EXERCISE DETAILS
Wherever pictures appear in the listing below, leave them out, and copy exactly, and only, everything from the line with "1989 white rubber bracelet" down to the line with "Sau khi nhận".
--- TASK DATA Enclosed Below ---
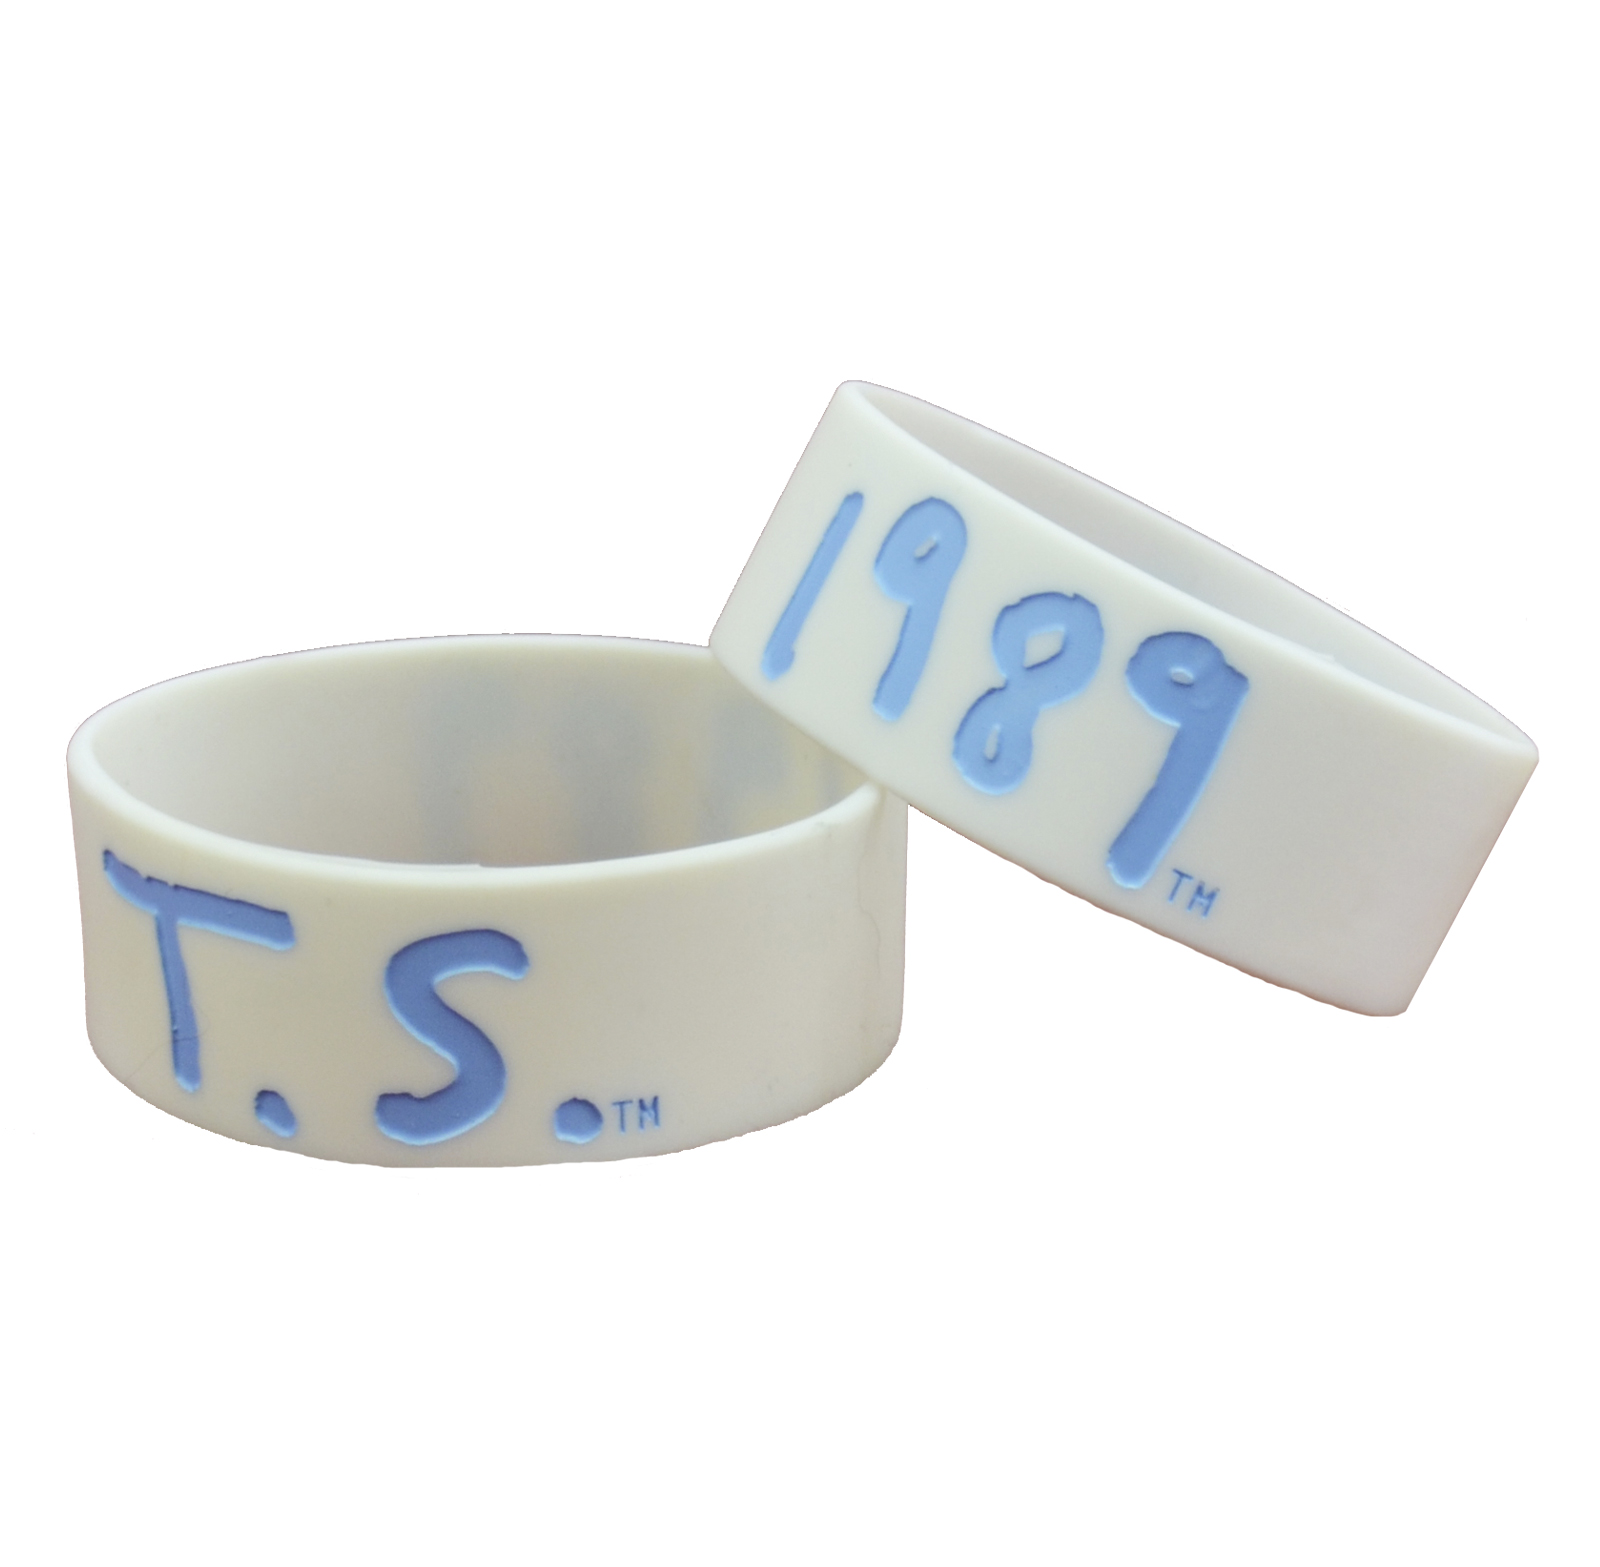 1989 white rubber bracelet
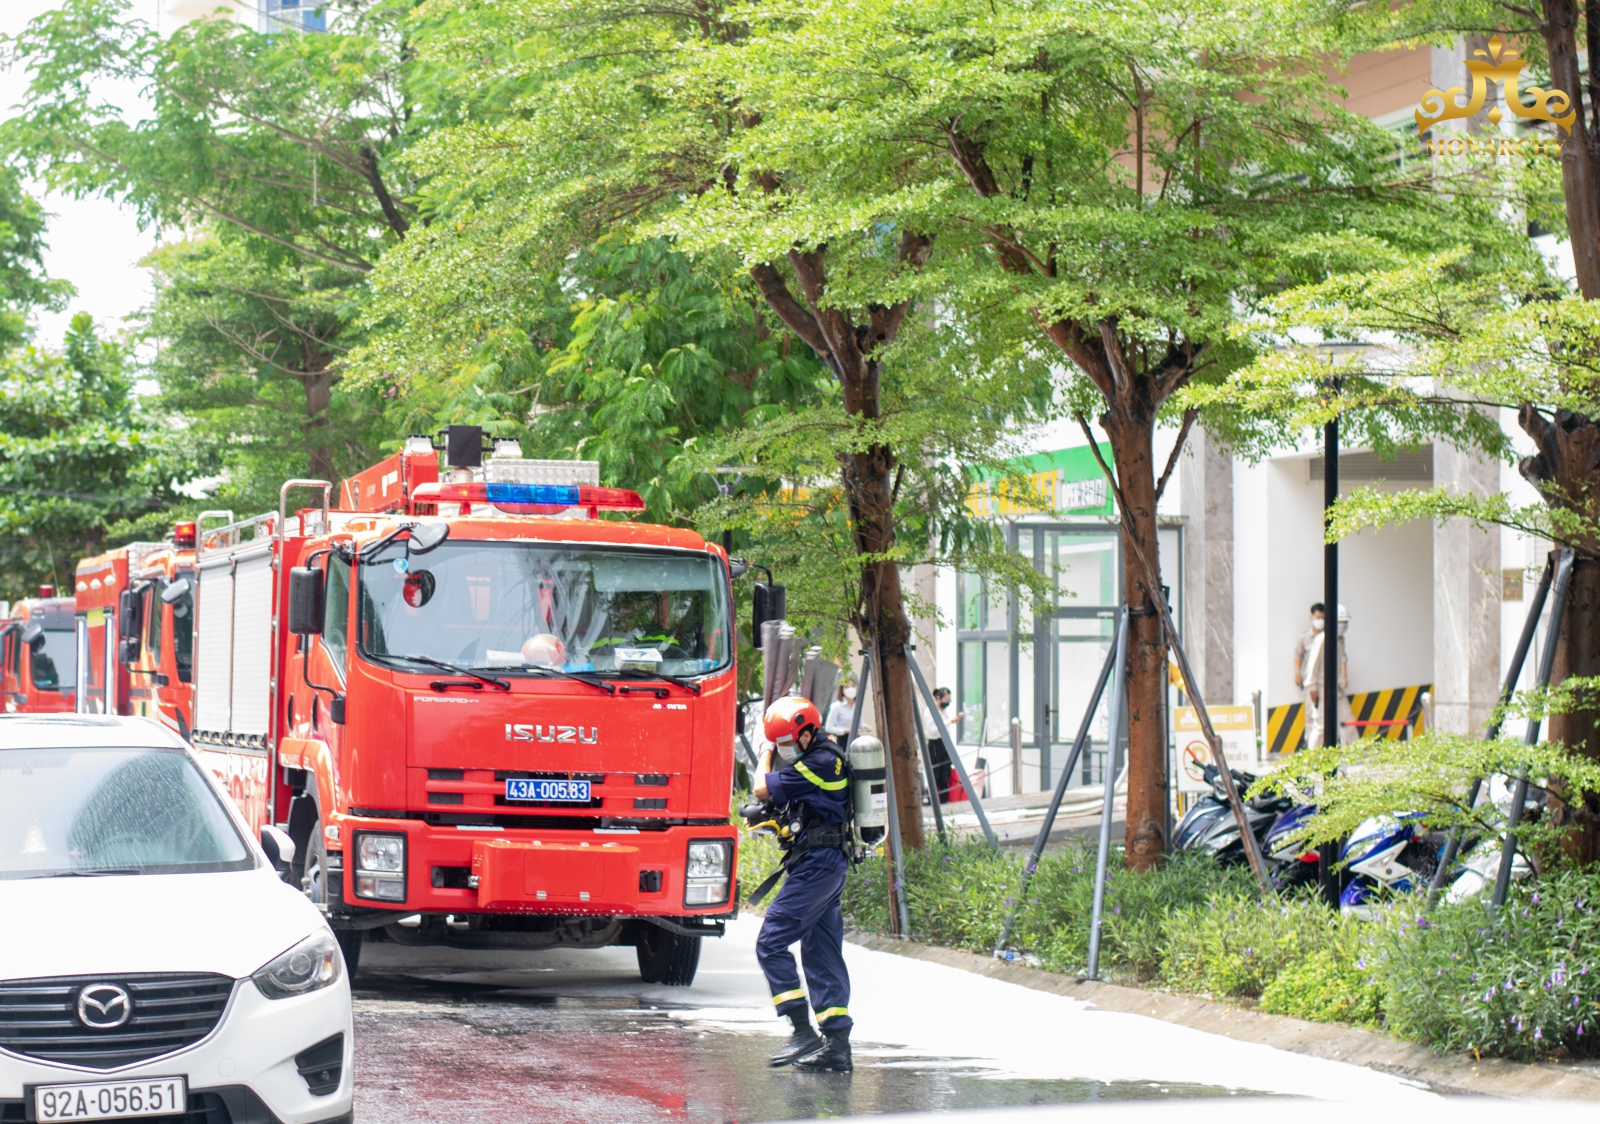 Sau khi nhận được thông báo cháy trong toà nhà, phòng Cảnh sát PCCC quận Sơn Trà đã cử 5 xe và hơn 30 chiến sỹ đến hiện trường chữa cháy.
--- End of Enclosed TASK DATA ---
--- TASK DATA Enclosed Below ---
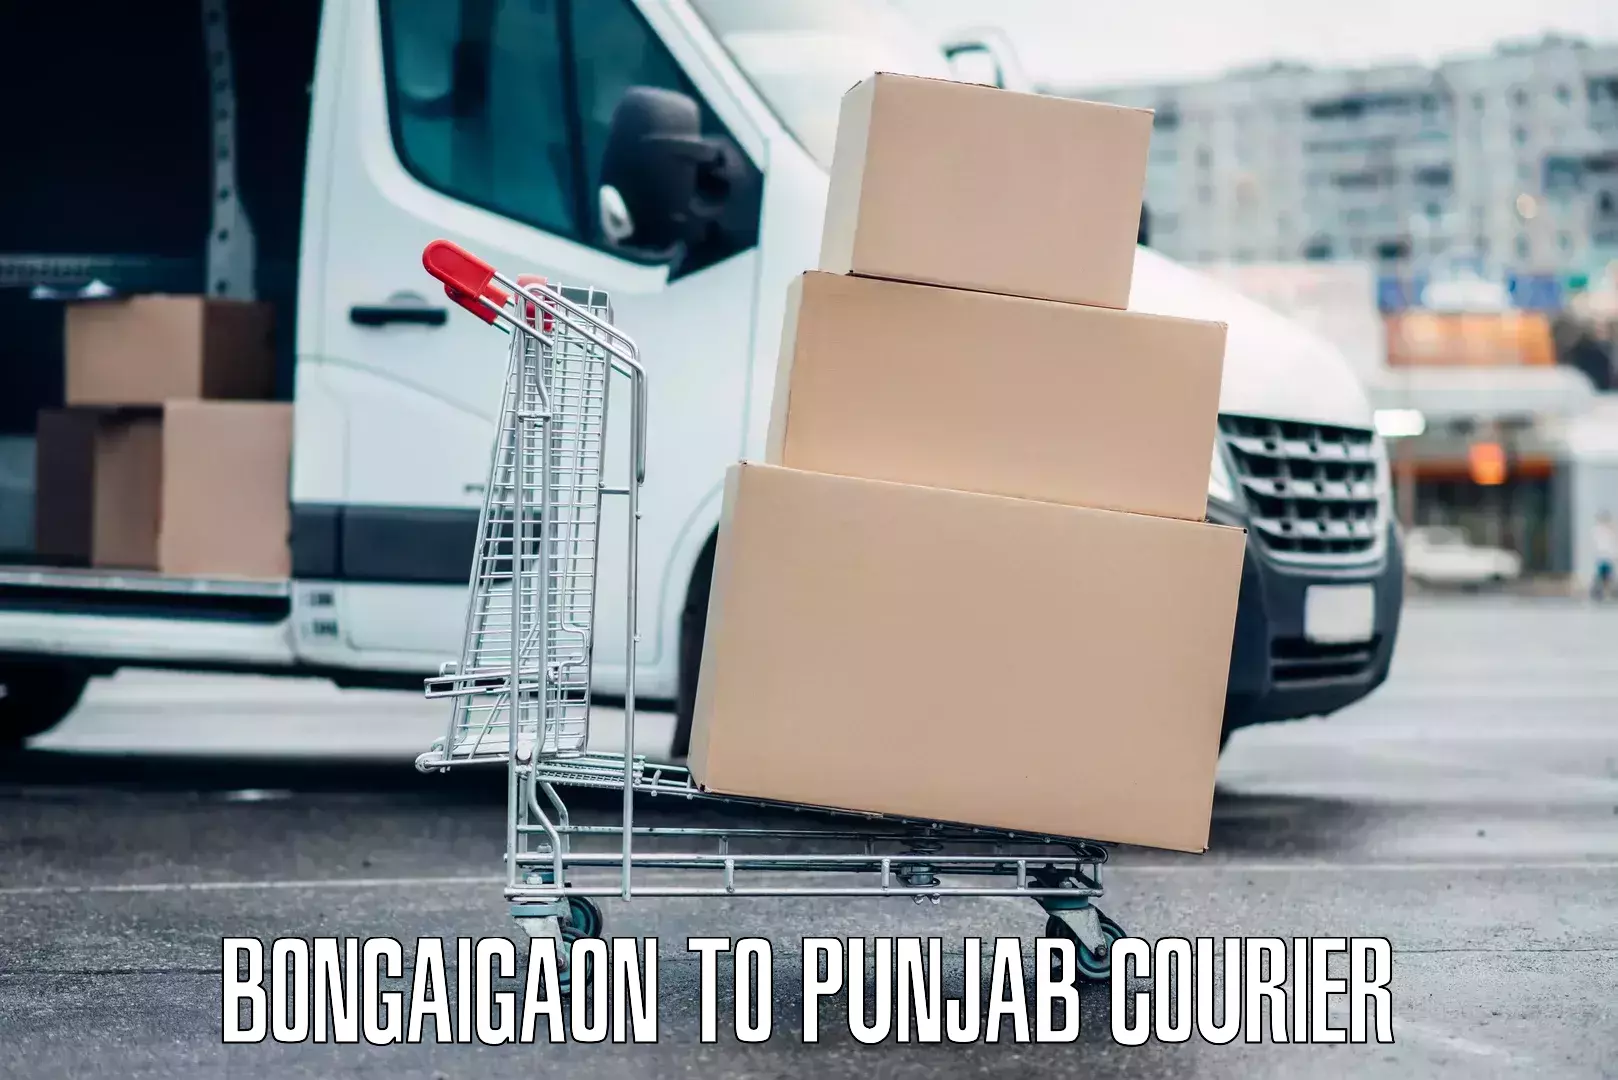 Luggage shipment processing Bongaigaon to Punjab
--- End of Enclosed TASK DATA ---
--- TASK DATA Enclosed Below ---
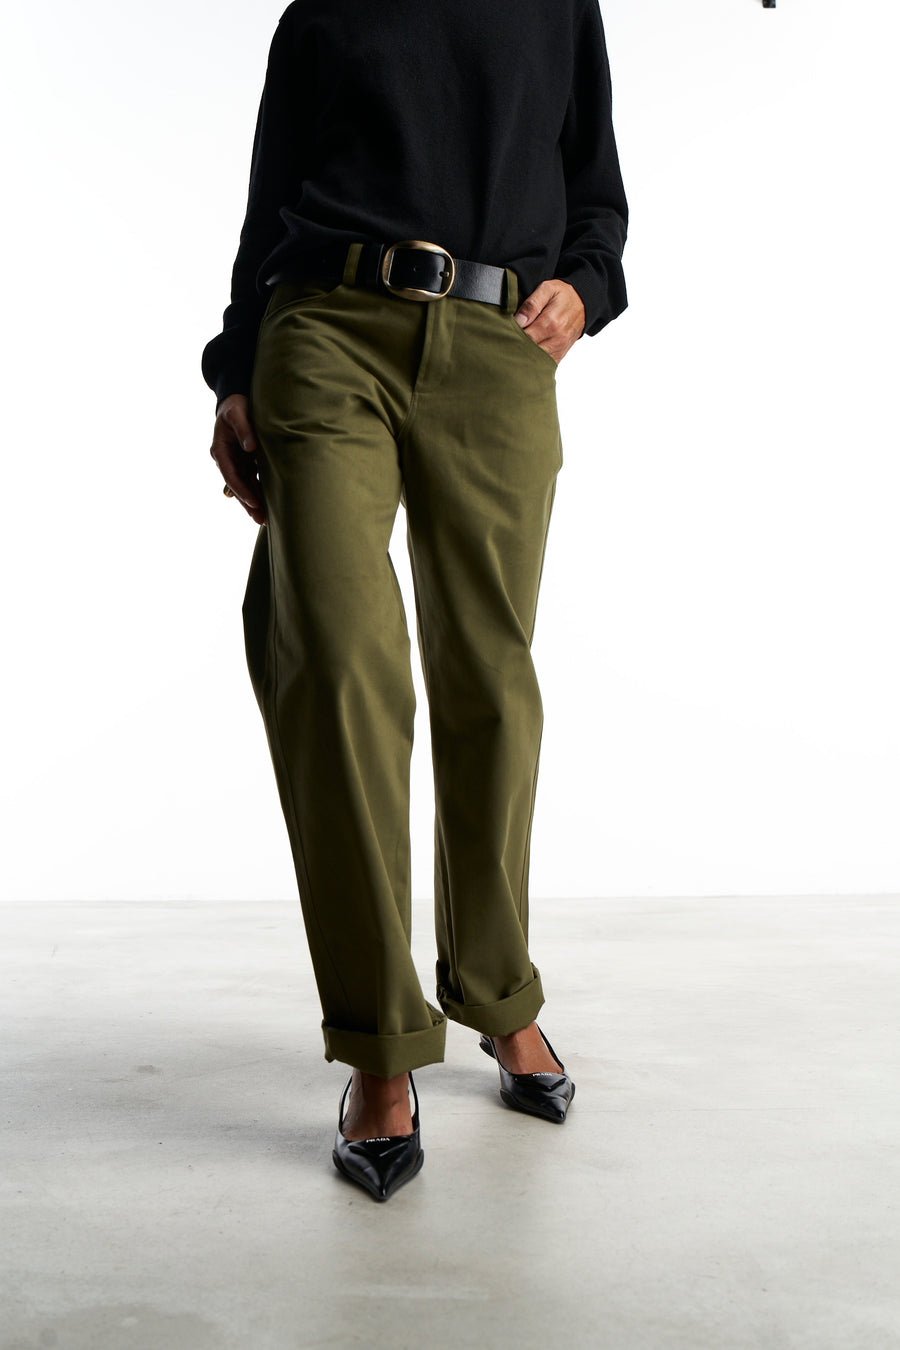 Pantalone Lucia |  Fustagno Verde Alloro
--- End of Enclosed TASK DATA ---
OUTPUT BELOW
 1989 white rubber bracelet
 Sau khi nhận được thông báo cháy trong toà nhà, phòng Cảnh sát PCCC quận Sơn Trà đã cử 5 xe và hơn 30 chiến sỹ đến hiện trường chữa cháy.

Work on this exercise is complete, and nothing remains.